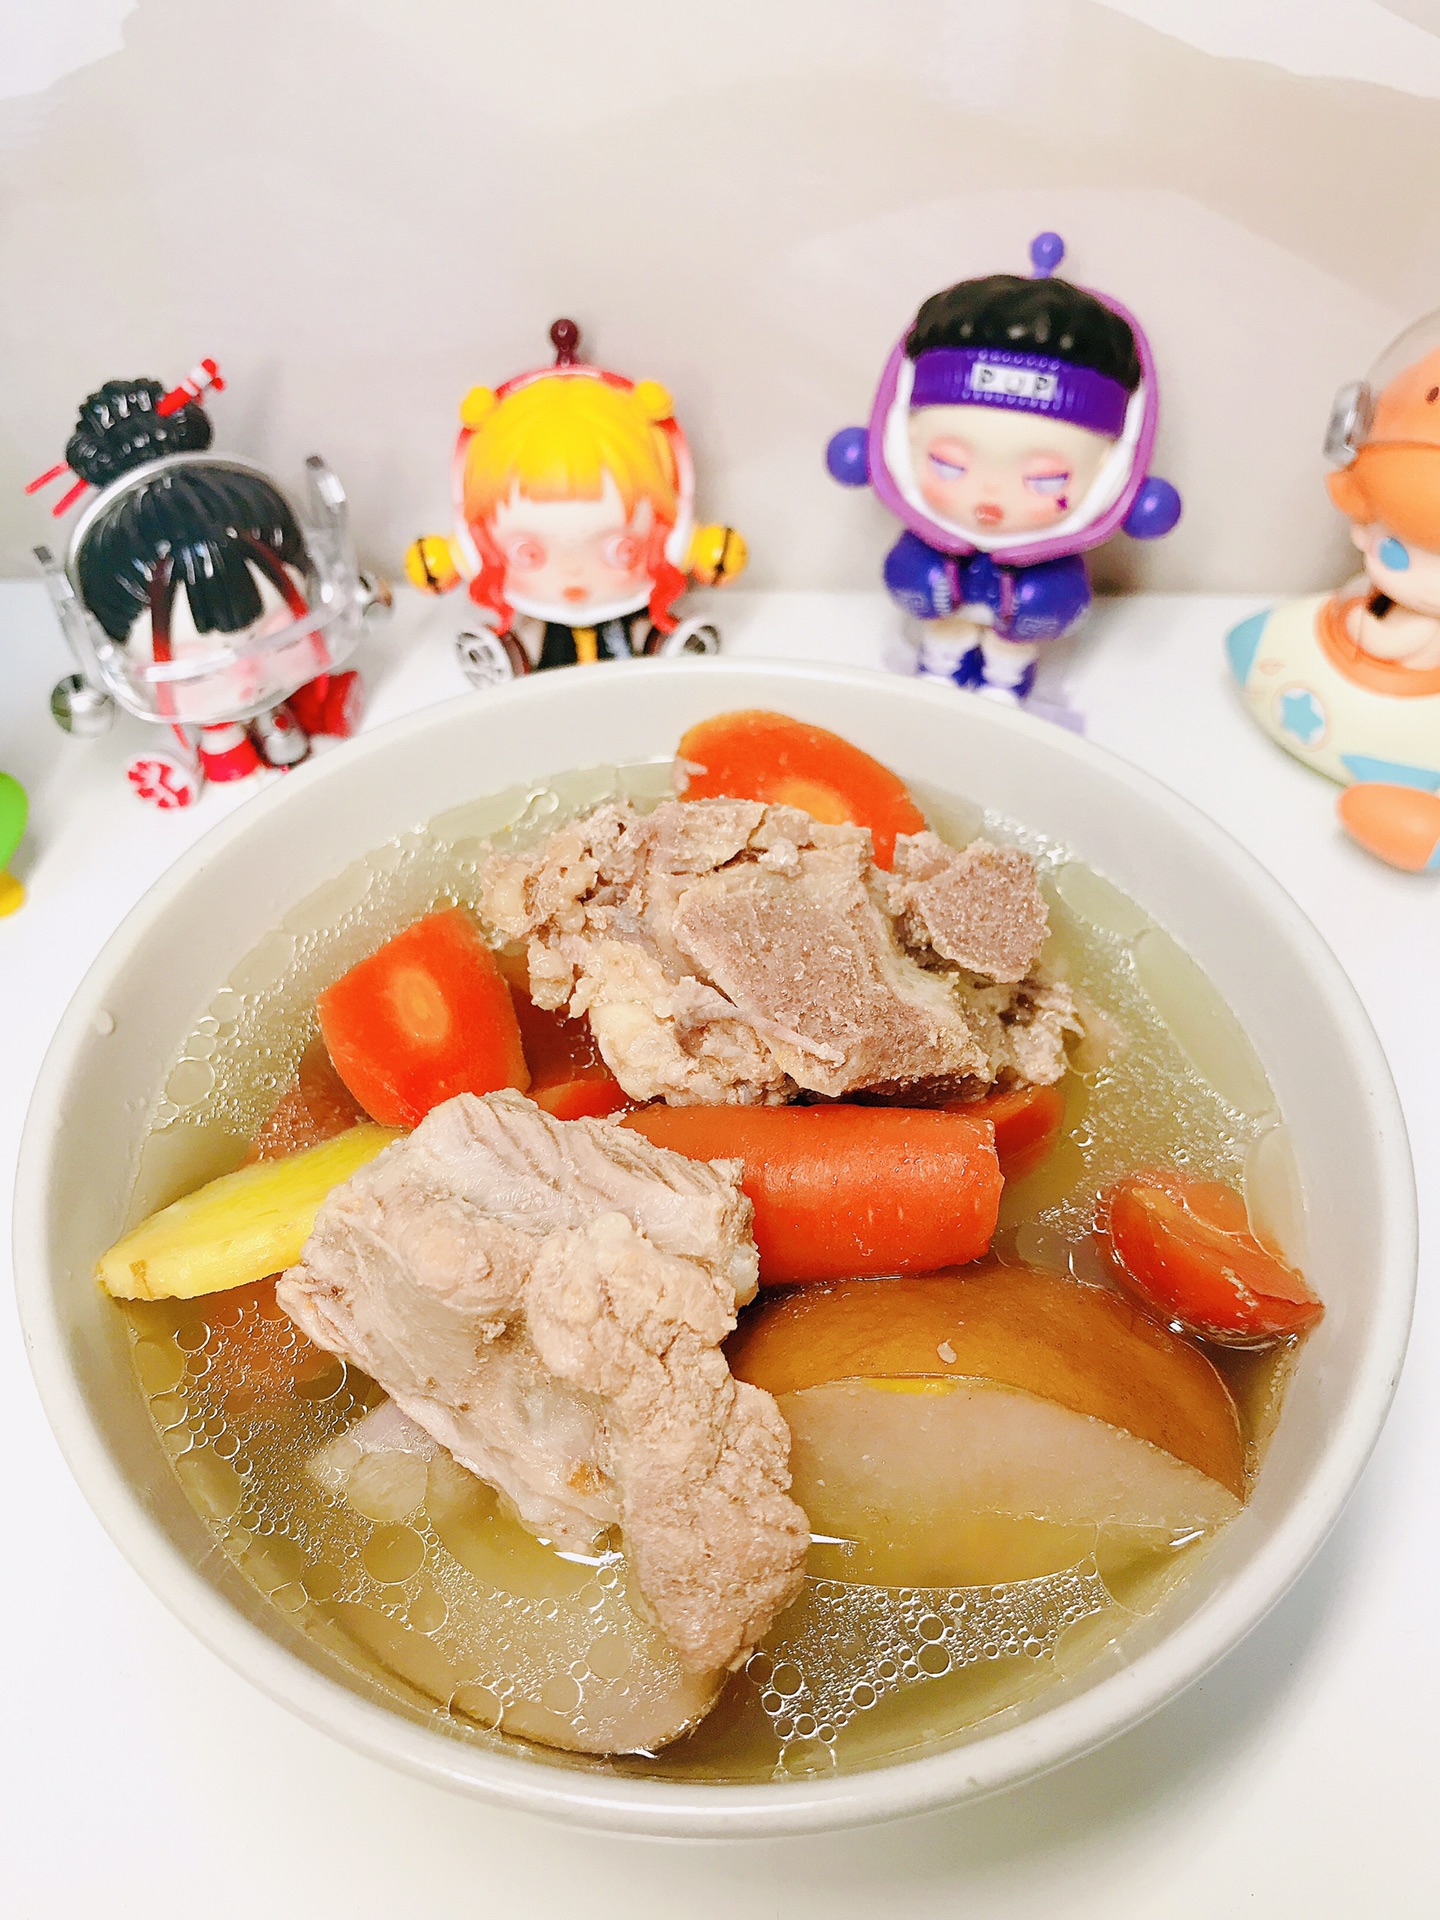 萝卜排骨汤,萝卜排骨汤的家常做法 - 美食杰萝卜排骨汤做法大全
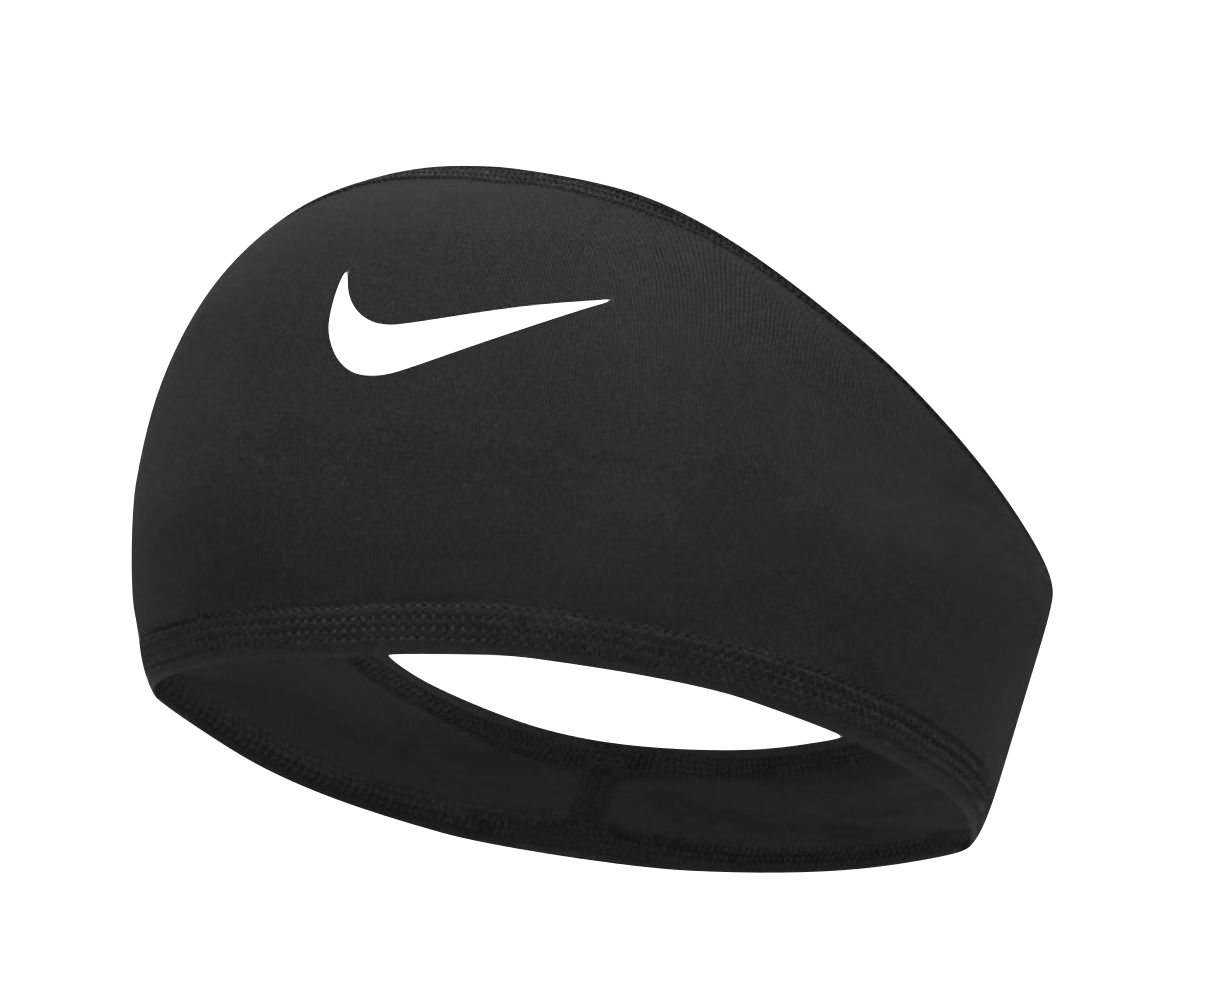 Banda Nike Pro Skull Wrap 5.0 Unitalla
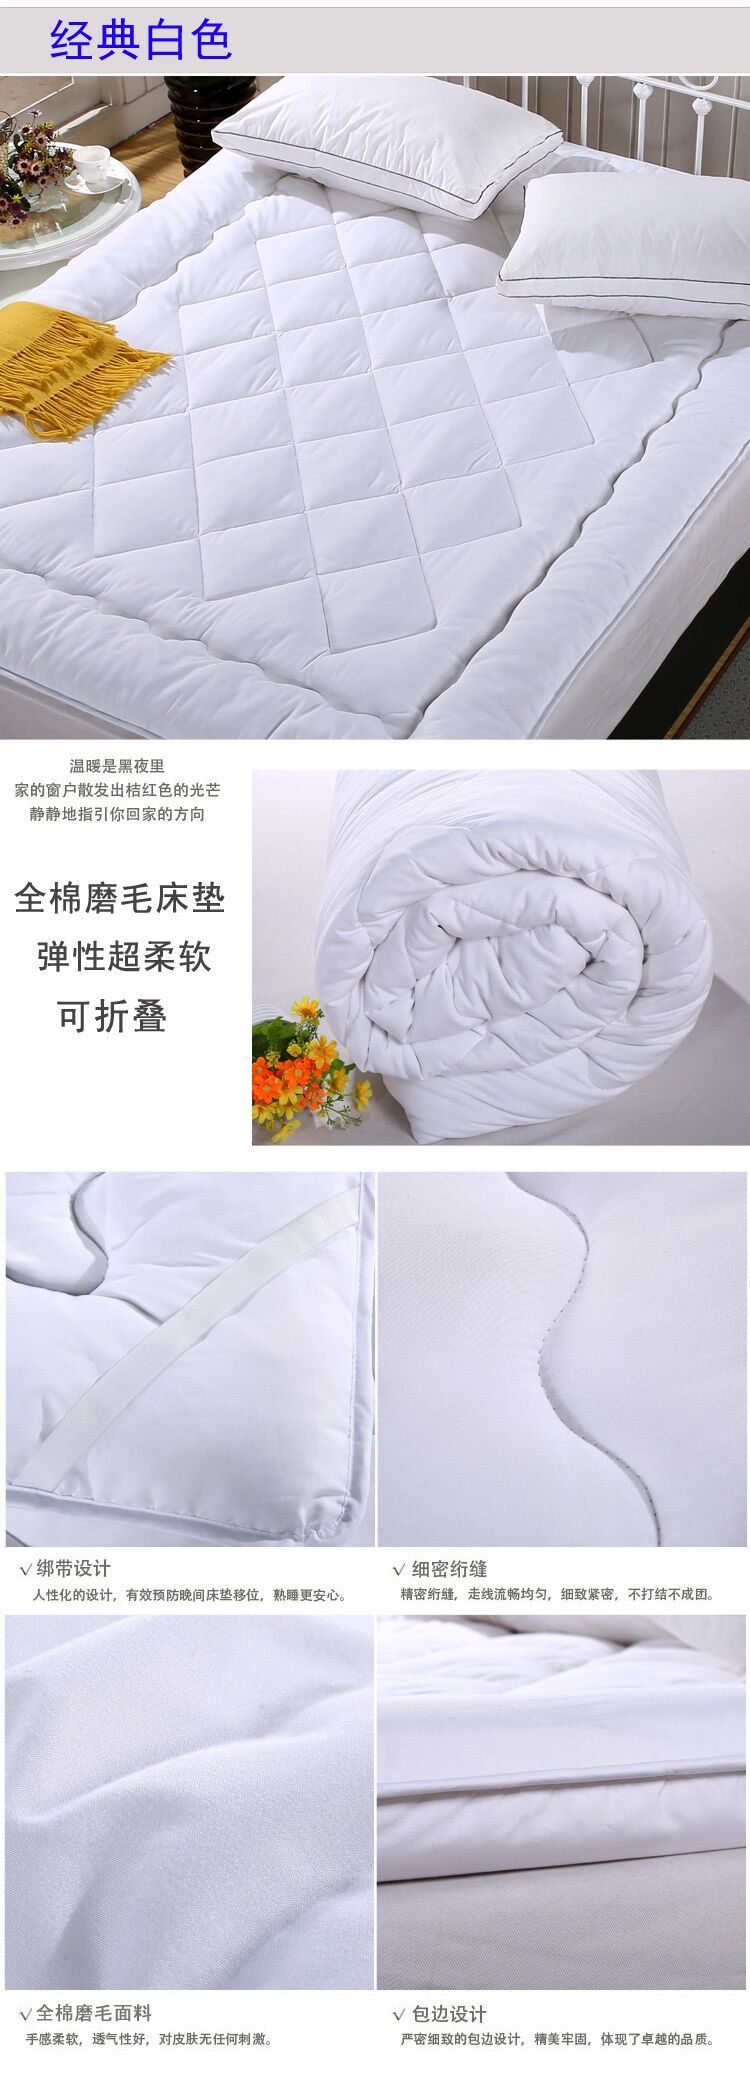 厂家直销床垫批发 酒店宾馆保护床垫床上用品床护垫舒适懒人褥子

+--

- _What the task requires_: Return exactly the lines that begin with the one containing "Banda Nike Pro Skull Wrap 5.0 Unitalla" and end with the final line of the data above; include no pictures.

- _Reply_:
 Banda Nike Pro Skull Wrap 5.0 Unitalla
 厂家直销床垫批发 酒店宾馆保护床垫床上用品床护垫舒适懒人褥子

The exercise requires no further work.